Hematoma Clinical Trial
Official title:
Bridge or Continue Coumadin for Device Surgery Randomized Controlled Trial (BRUISE CONTROL)
Many cardiac patients requiring device (defibrillator or pacemaker) related surgery are on chronic oral anticoagulation therapy (usually coumadin). The risk of blood clot formation related to stopping oral anti-coagulant therapy is currently managed by using bridging heparin therapy in patients with moderate to high risk of blood clot formation. There is a substantial risk of bleeding in the pocket where the device is situated (pocket hematoma)related to bridging therapy. The purpose of this study is to compare the current standard of care of bridging with heparin to an experimental strategy of continuing coumadin therapy in higher risk patients undergoing device surgery, with the hypothesis being that the continued oral anti-coagulation group will have a lower pocket hematoma rate as compared to the bridging with heparin group.
Eligible patients will be equally randomized (1:1) to the Conventional/control arm (bridging
anti-coagulation)or to the Experimental arm (continued coumadin). In the Conventional arm
there are 2 options. Patients with greater than 5 days pre-implant will discontinue oral
anti-coagulant (coumadin) 5 days before the procedure,and start full therapeutic doses of
subcutaneous low molecular weight heparin (LMWH)3 days before the procedure. Patients with
less than 5 days to implant can be given Vitamin K at the investigator's discretion and start
full therapeutic doses of either subcutaneous LMWH or IV unfractionated Heparin (choice is at
investigator discretion) when the INR is below the therapeutic range for the patient (usually
greater than or equal to 2; 2.5 for some valve patients) and surgery to proceed when INR is
less than 1.6. Oral anti-coagulant (coumadin) will resume on the evening of the procedure.
Full dose LMWH injections or full dose IV heparin will be started 24 hours after surgery.
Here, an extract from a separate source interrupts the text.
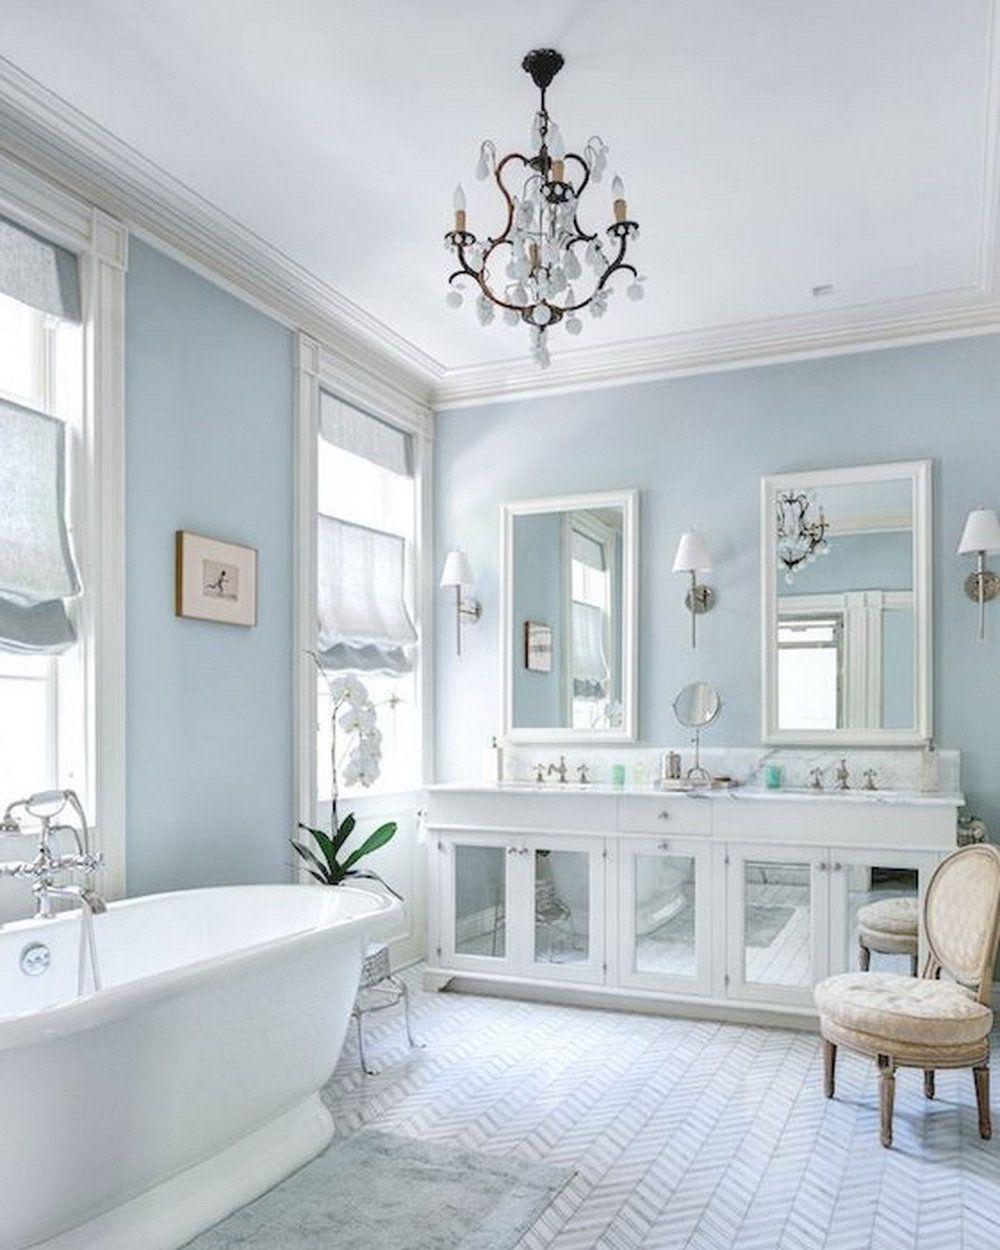 12 Luxurious Bathroom Design Ideas | French vanity, Blue bath and ...
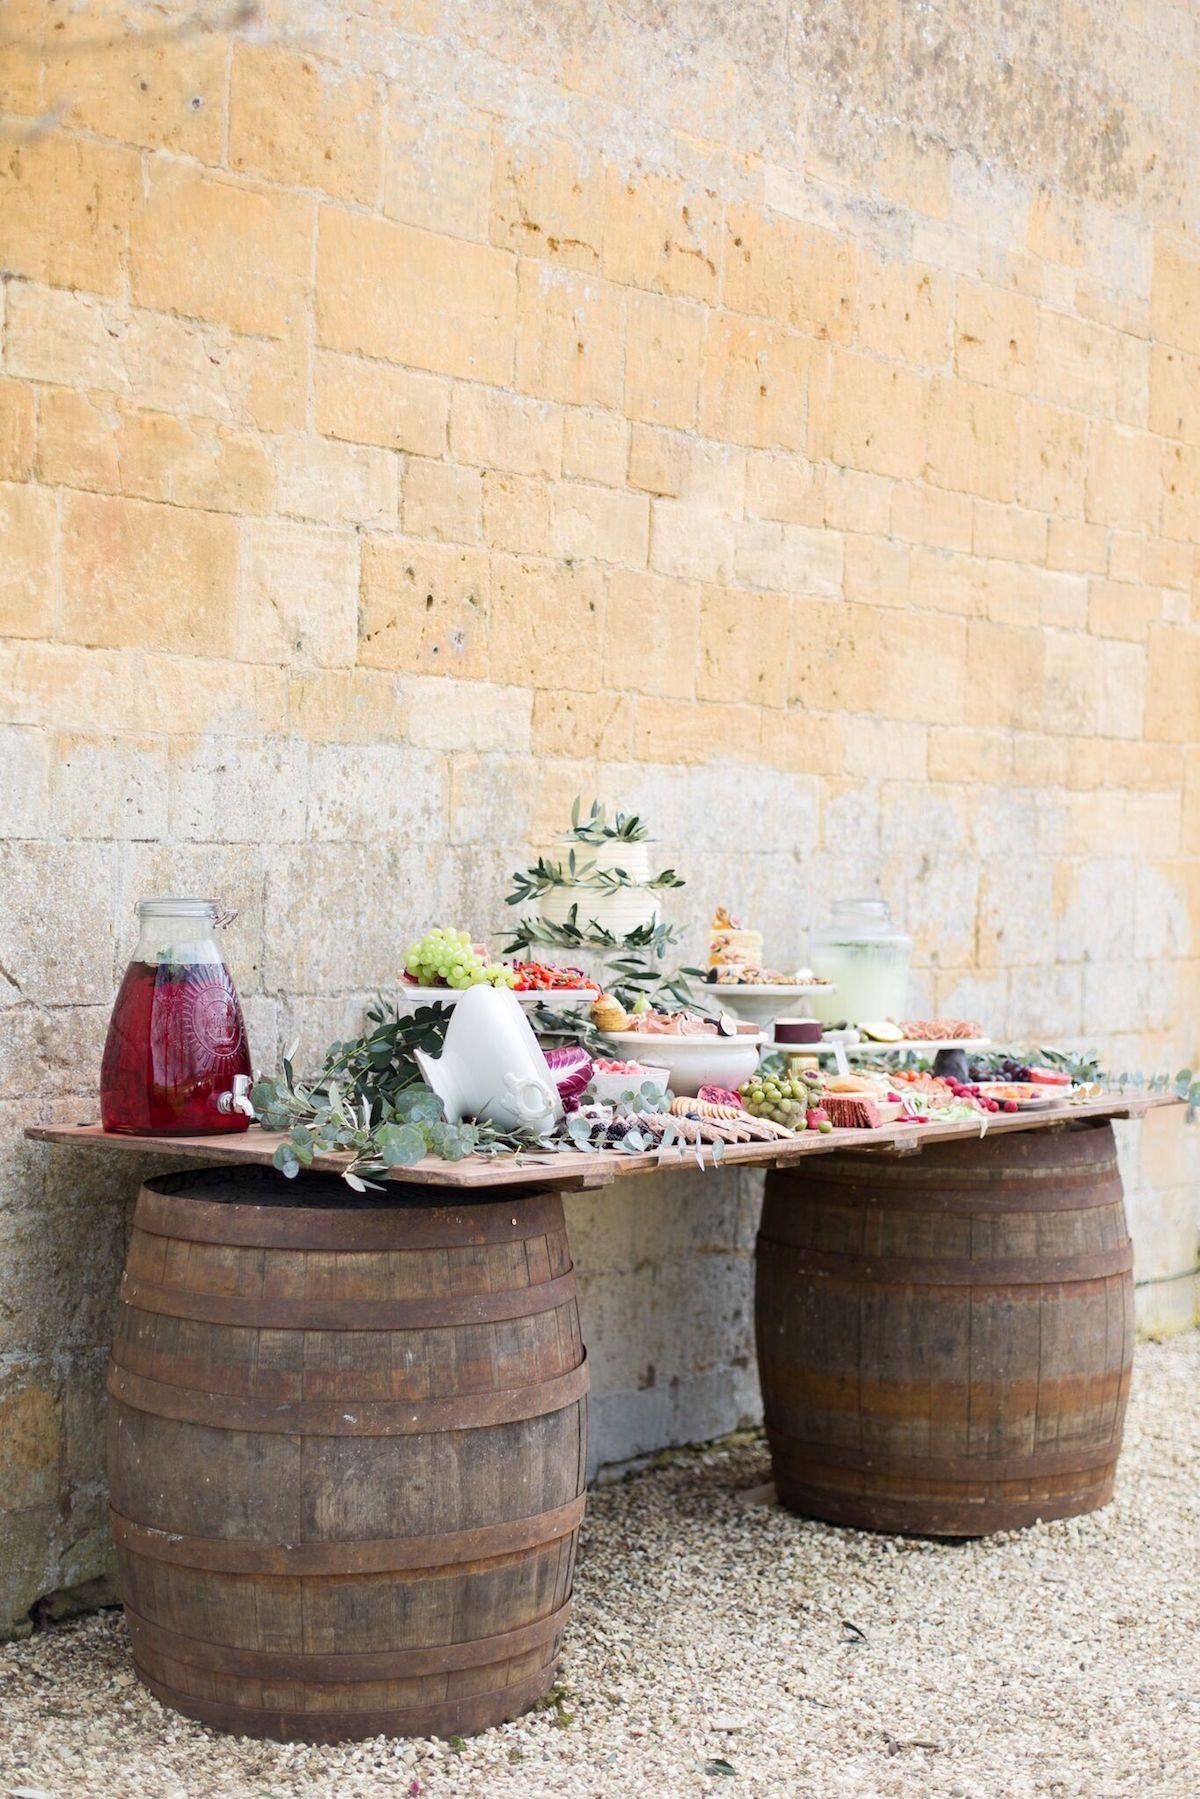 A Mediterranean Grazing Table for a Destination Wedding

In the Experimental arm patients will continue on their oral anti-coagulant (coumadin). The
INR on the day of surgery will be < 3.0.
ASA will be continued in all patients. Plavix will be continued in patients with drug-eluting
stents.
Patients will be monitored for the development of any hematoma or bleeding event during
admission. There will be a unblinded team responsible for device implant and follow-up and a
blinded team responsible to monitor any bleeding events or hematoma and determine if it meets
the primary endpoint criteria for the study. The blinded team will have no knowledge of the
treatment arm and will be involved only if the patient develops a hematoma or bleeding event.
All hematomas and bleeding events will be followed until resolution.